Last week it seemed like everyone was oblivious to the risks around the Bank of Japan decision but now the world has tuned in and there's plenty of worry.
Tomorrow's decision has rankled the Japanese bond market and led to a big bid in the yen. Deutsche Bank is out with a note suggesting further yen strength and a positive risk backdrop if yield curve control is dropped.
"If yield curve control is suspended overnight we would expect global risk appetite to ultimately digest it positively as a major risk event will be out of the way," writes FX strategist George Saravelos, arguing that it won't be a shock.
"When the EUR/CHF peg broke in 2015 it was a very large VaR shock to the market. No one was expecting it and the market was very long EUR/CHF. This time, the market has been preparing for an end to yield curve control for nearly a year now. We would argue that the BoJ's huge JGB buying operations since December and the widening of the band are precisely aimed at de-risking the domestic market of stale JGB long positions."
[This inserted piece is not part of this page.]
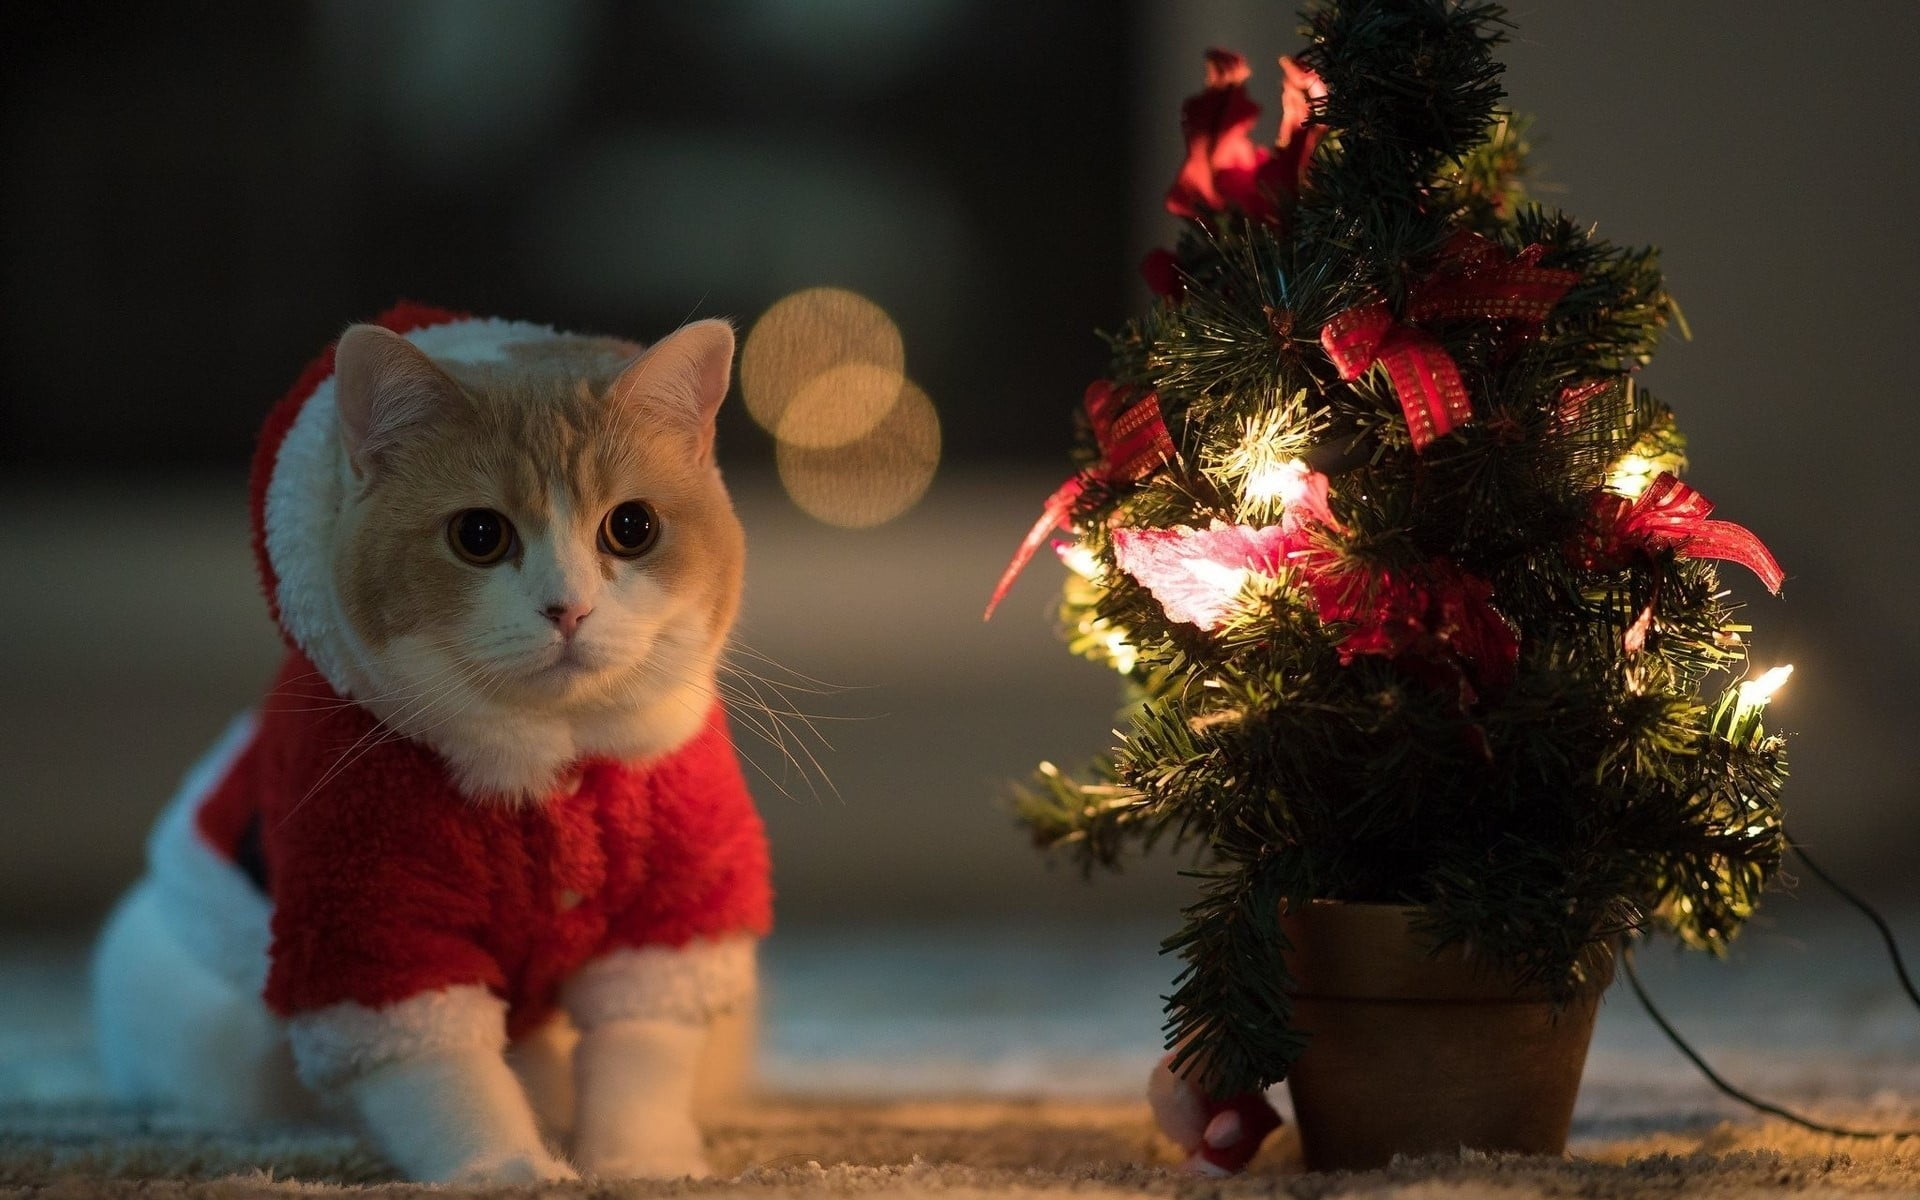 orange and white cat with red coat, cat, animals, Christmas Tree, Santa costume
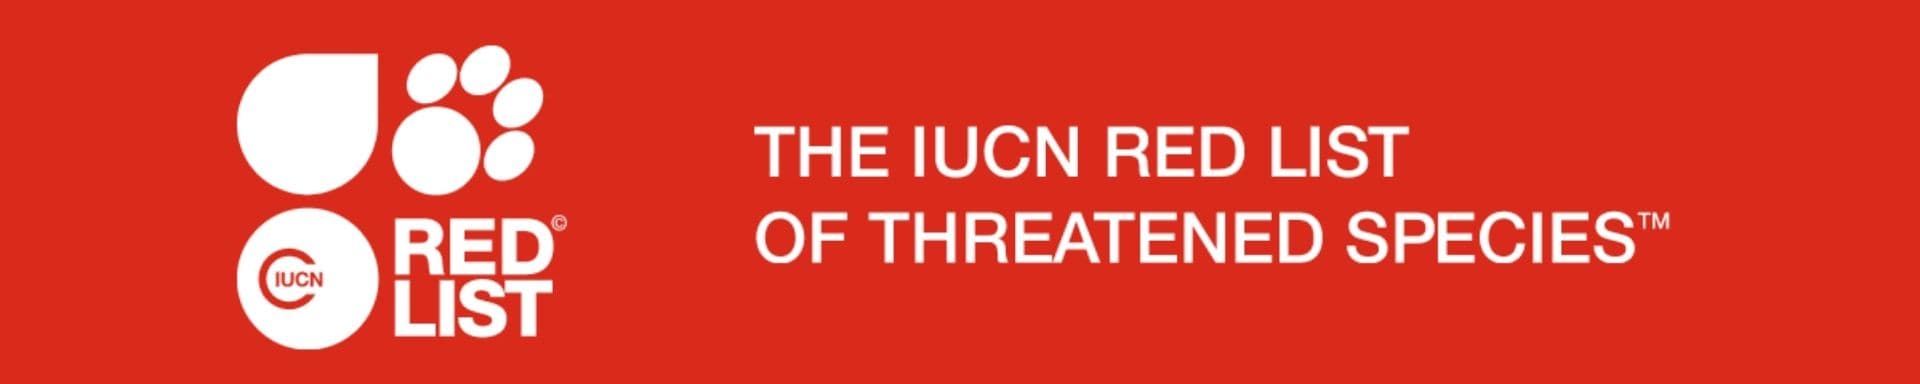 Lista vermelha IUCN

Saravelos argues that the best trade is to be long JPY and not short Japanese government bonds.
"So extreme is the market's Japanese government bond underweight that it is reported that the BoJ may own more than 100% of some benchmark 10-year JGBs. Not only has the central bank bought the entire stock of bonds, it has lent it out to short-sellers who have sold it back to the BoJ... We have also emphasized that the Japanese have already sold record amounts of foreign fixed income with the liquidity currently held in dollars and foreign currencies waiting to be allocated. The bottom line is the Japanese are very underweight JGB and JPY. The next big flow of funds is therefore a repatriation of money back into JPY and deployment to fixed income. By extension, there should be persistent demand for JGB and JPY as Japanese yields start to normalize."
Adding to the case for yen strength would be the end of negative rates, something DB argues could come as soon as mid-year and that the BOJ will soon have to start about quantitative tightening.